How to do a stratified split

Hello.

Sorry for my english, i am still learning and thanks you for help.

I have all my datas inside a torchvision.datasets.ImageFolder. The idea is split the data with stratified method. For that propoose, i am using torch.utils.data.SubsetRandomSampler of this way:

dataset = torchvision.datasets.ImageFolder(train_dir, transform=train_transform)
targets = dataset.targets

Targets is a array of 0s and 1s (2-class classification) something like this:
[0, 0, 1, 1, 0, 1,…]

from sklearn.model_selection import train_test_split

train_idx, valid_idx= train_test_split(
np.arange(len(targets)),
test_size=0.2,
shuffle=True,
stratify=targets)

I got stratified indices for train(80%) and valid(20%) something like this:

train_idx = [12, 54, 23, 123, 80…]
valid_idx = [77, 09, 67, 122, 665…]

This indices indicates the position of my 0s and 1s in way that this are splitted in a balanced way.
Then is when i try to split my real data generating my train/valid loader like this:

train_sampler = torch.utils.data.SubsetRandomSampler(train_idx)
valid_sampler = torch.utils.data.SubsetRandomSampler(valid_idx)

train_loader = torch.utils.data.DataLoader(dataset, batch_size=batch_size, sampler=train_sampler)
valid_loader = torch.utils.data.DataLoader(dataset, batch_size=batch_size, sampler=valid_sampler)

But len(train_loader.dataset) return whole dataset instead of 80% of them. What am i doing wrong?

3 Likes

You are not doing anything wrong and the batches provided by train_loader and valid_loader should just use the provided indices from the corresponding sampler.
Since the underlying .dataset is not changed, the len will be the same as the original one.
However, during the creation of the batches, the samplers will use the provided indices to load the data from the internal Dataset.

Alternatively, you could also wrap your dataset in a Subset, which will then change the length.
Besides that both approaches should yield the same result.

3 Likes

Oh! thanks you! i thought that the len in both .dataset should be different , but what you say makes sense. Thanks!

Hi, if I want to wrap the dataset in a Subset, how should I rewrite the code ? Please help.
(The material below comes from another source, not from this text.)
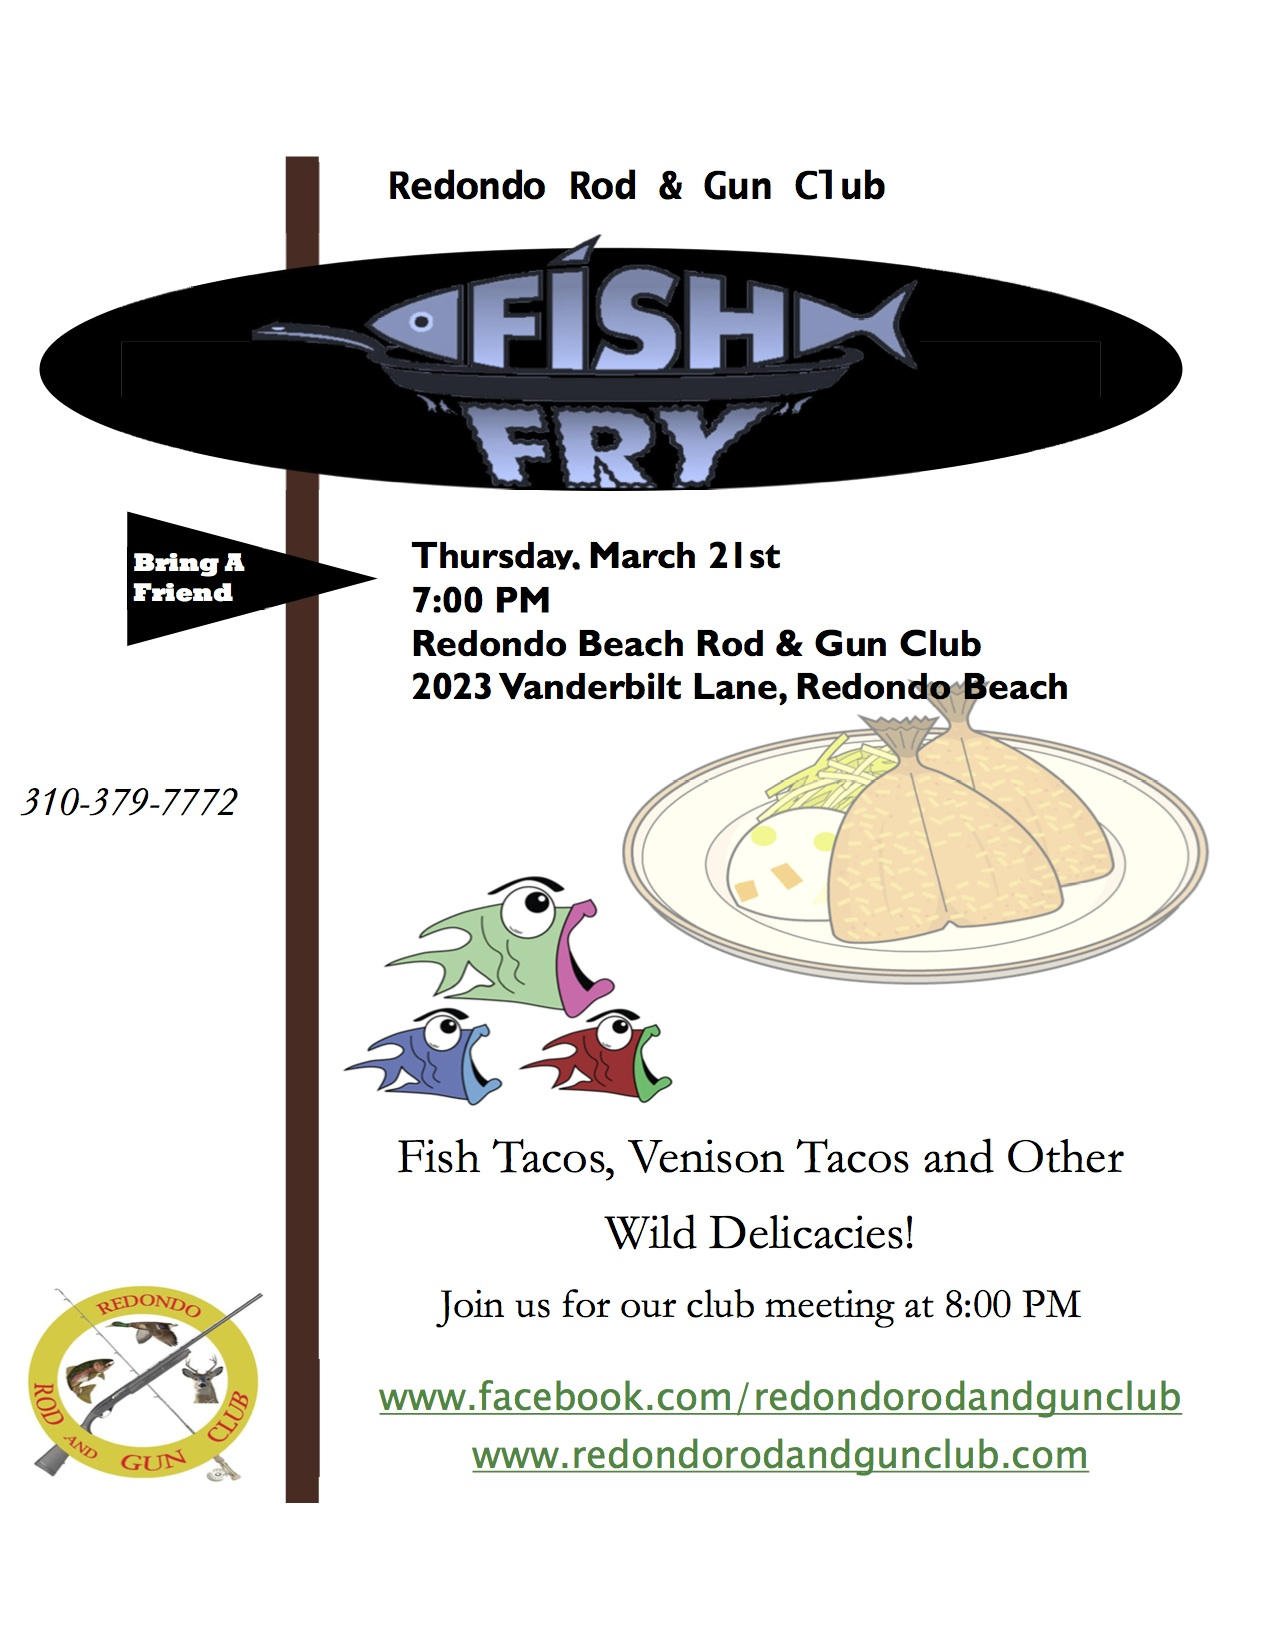 Fish Fry March 2013 Redondo Rod And Gun Club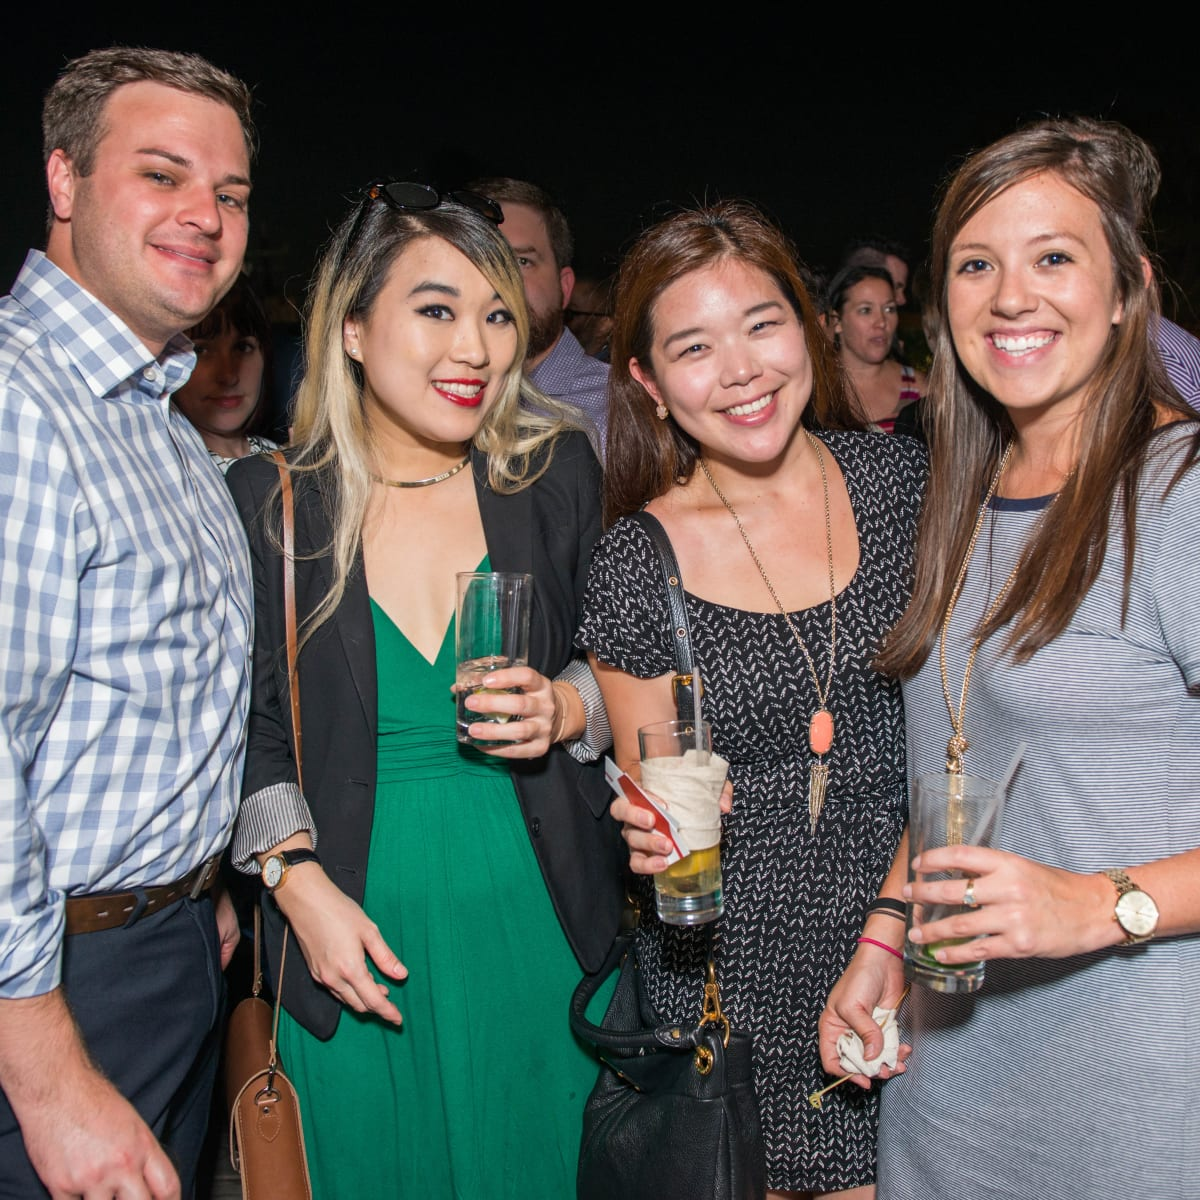 News, CultureMap Social, B&B Butchers, Sept. 2015  Travis Jenner, Lily Chun, Jane Chun, Carolina Keating

working with Subset is fairly easy. You pass the dataset and the indices to Subset. The benefit of using Subset over Sampler is that you can set shuffle = True in the DataLoader

# Stratified Sampling for train and val
train_idx, validation_idx = train_test_split(np.arange(len(train_data)),
                                             test_size=0.1,
                                             random_state=999,
                                             shuffle=True,
                                             stratify=train_data.img_labels)

# Subset dataset for train and val
train_dataset = Subset(train_data, train_idx)
validation_dataset = Subset(train_data, validation_idx)

# Dataloader for train and val
train_loader = DataLoader(train_dataset, batch_size=64, shuffle=True)
validation_loader = DataLoader(validation_dataset, batch_size=64, shuffle=False)
2 Likes